STUDIES OF MULTIPLE ARTIST TYPES

 

Artists Work-Related, Human and Social Services Questionnaire (1986)

Columbia University Research Center for Arts and Culture

Investigator: Joan Jeffri, Columbia University Research Center for Arts and Culture

Population: Artists who applied to a particular fellowship program. Sample is biased toward visual artists.

Identification method: Population identified from statewide applicants to the 1986 Artist’s Fellowship Program run by the New York Foundation for the Arts.

Sampling procedure: 900 artists randomly selected from 5,636 statewide applicants to the 1986 Artists’ Fellowship Program.

N and Response rate: 62 percent (561 of 900)

Publication: Alper, Neil O., et al. 1996. Artists in the Work Force: Employment and Earnings, 1970-1990. Washington, D.C.: National Endowment for the Arts, Research Report 37. Santa Ana, CA: Seven Locks Press.

Jeffri, J. and R. Greenblatt. 1989. "Between Extremities: The Artists Described". Journal of Arts Management and Law, 19(1): 5-14.
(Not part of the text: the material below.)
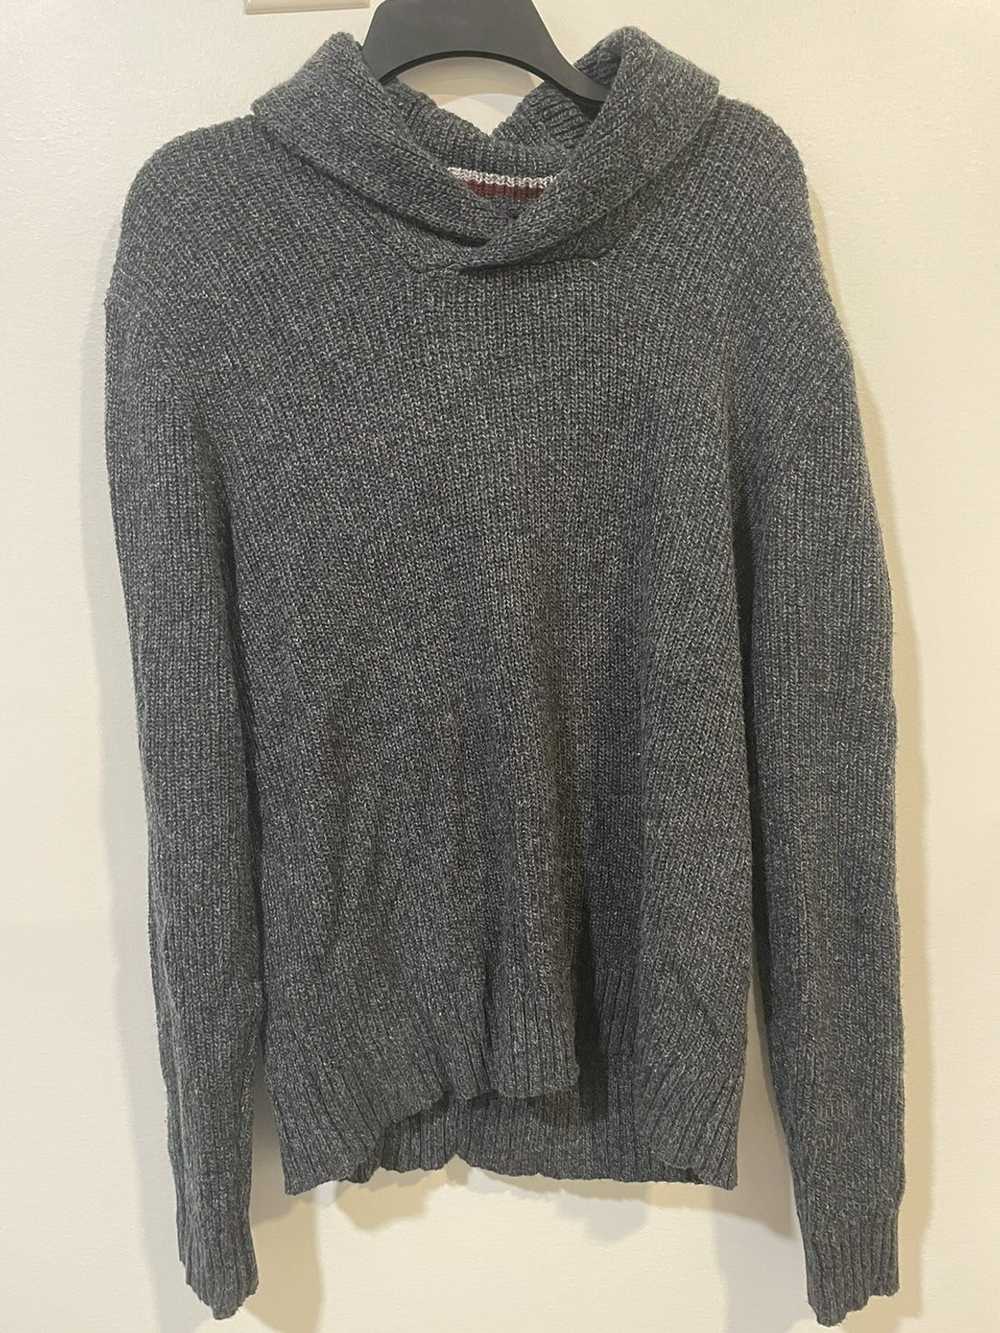 American Eagle Outfitters AE Big Neck Knit Sweater - image 1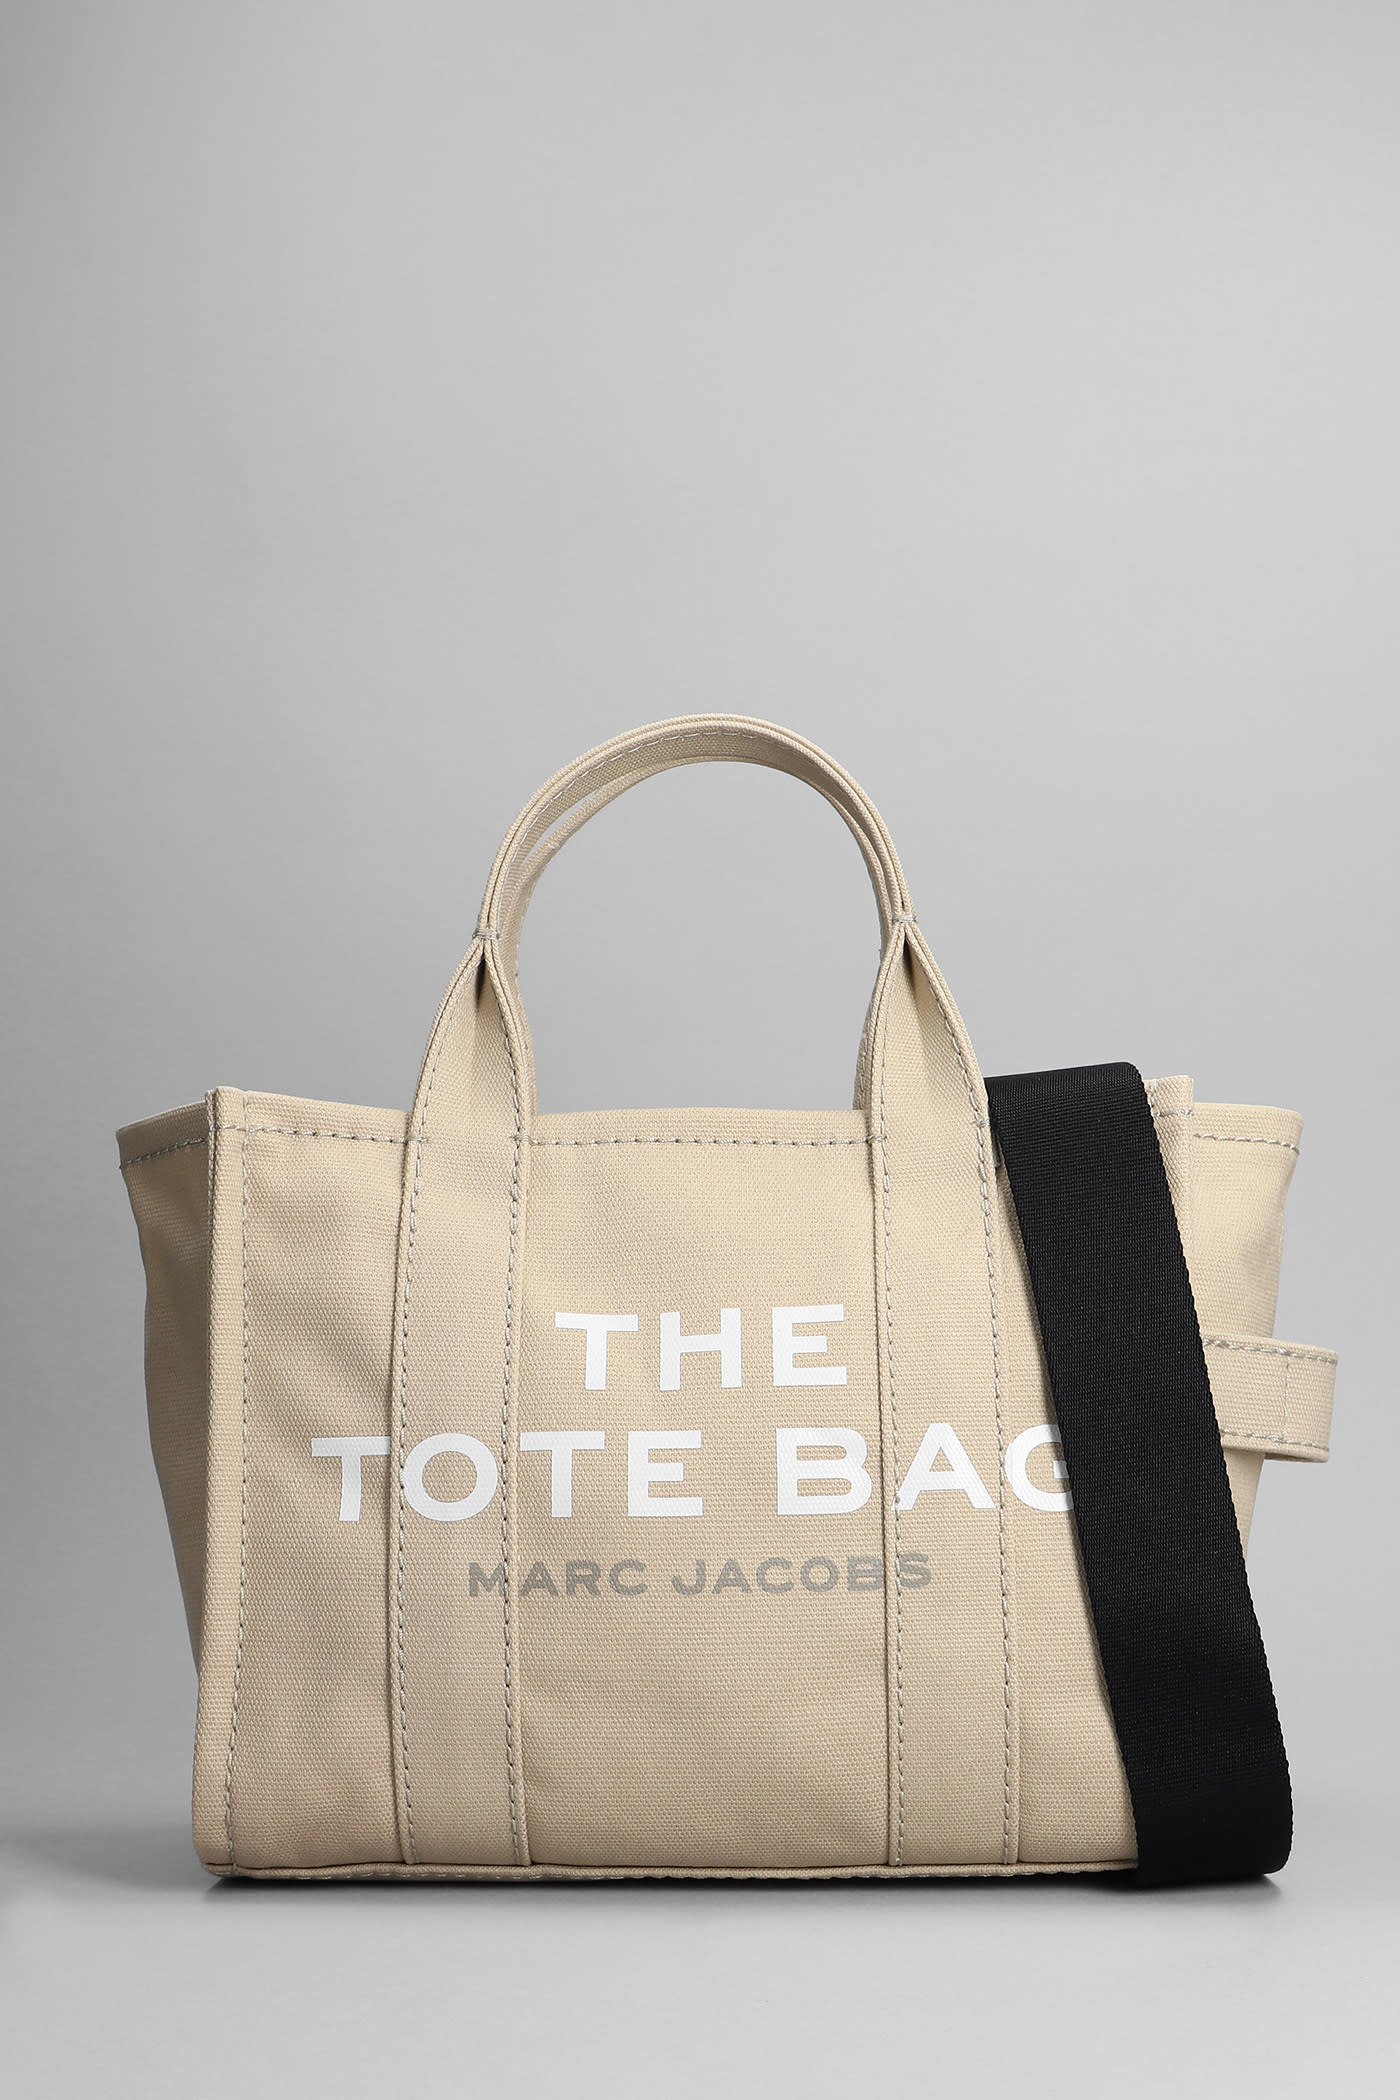 MARC JACOBS HAND BAG IN BEIGE CANVAS

Jeffri, J., R.Greenblatt, and J. Hosie. 1987. "The Artists alone: Work-Related, Human and Social Service Needs." Journal of Arts Management and Law, 17(3): 5-22.

Summary: This study served as the model for Information on Artists (1988). The questionnaire was commissioned by the New York Foundation for the Arts to gather information about the artists that the Foundation serves.